While the high level of scrutiny is something he welcomes, he fears a series of high-profile investigations into baby deaths and the huge pressure of the work is already leading to a shortage of clinicians wanting to specialise in children’s heart surgery.
The loss of the unit at the JR would certainly affect other staff, including Dr Neil Wilson, an interventional cardiologist, who frankly admits he would no longer be able to do the job that he is paid for.
Surgery is just one area of cardiac treatment. But he would simply not be allowed to undertake complex heart procedures, such as cardiac catheterisation and heart valve work, without the presence of a paediatric heart surgeon.

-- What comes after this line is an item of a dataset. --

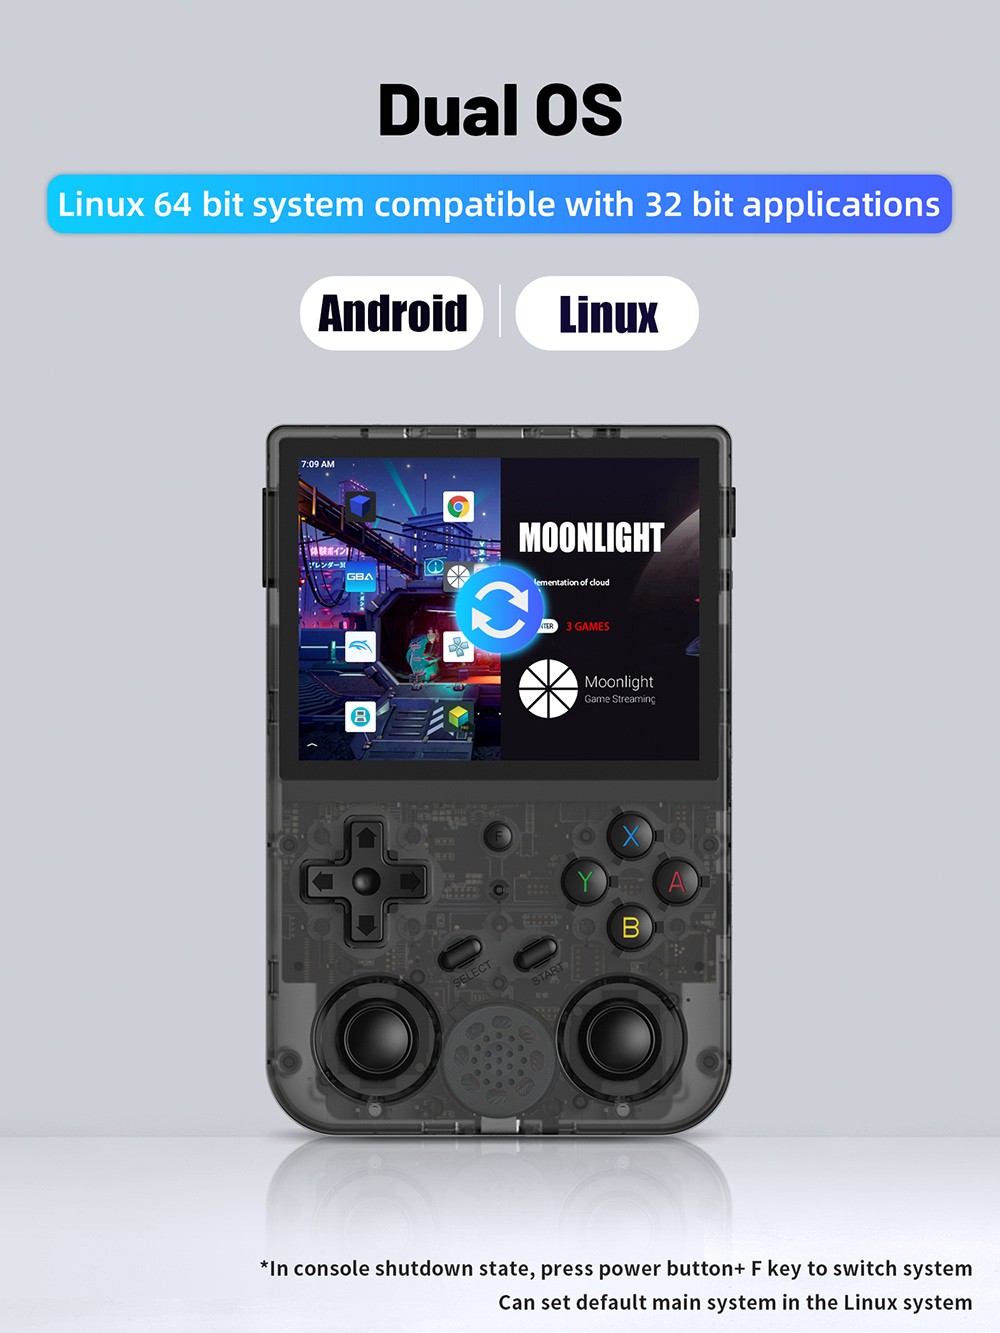 ANBERNIC RG353V Portable Game Console Android 32GB eMMC+16GB Linux TF Card 3.5'' IPS Screen Retro WiFi Bluetooth

He warned: “It is relatively common for children born with congenital heart disease to have other major problem with their lungs, abdomen or the brain, for example.
“The hospital would not be able to admit some of these cases. Oxford presently ticks all the boxes.”
He warned that specialist skills of nurses would also be lost to children’s heart surgery, if the unit were to close.
Rather than transfer to one of the new heart centres, they would simply stay at the John Radcliffe, and work elsewhere With recommendations due to be drawn up over the next few months before a public consultation in the autumn, politics and even Oxford’s geographical position in the centre of England could influence the final decision.
And as for those four babies, perhaps the greatest tribute would be to create bigger and better services for young heart patients in the hospital where they died.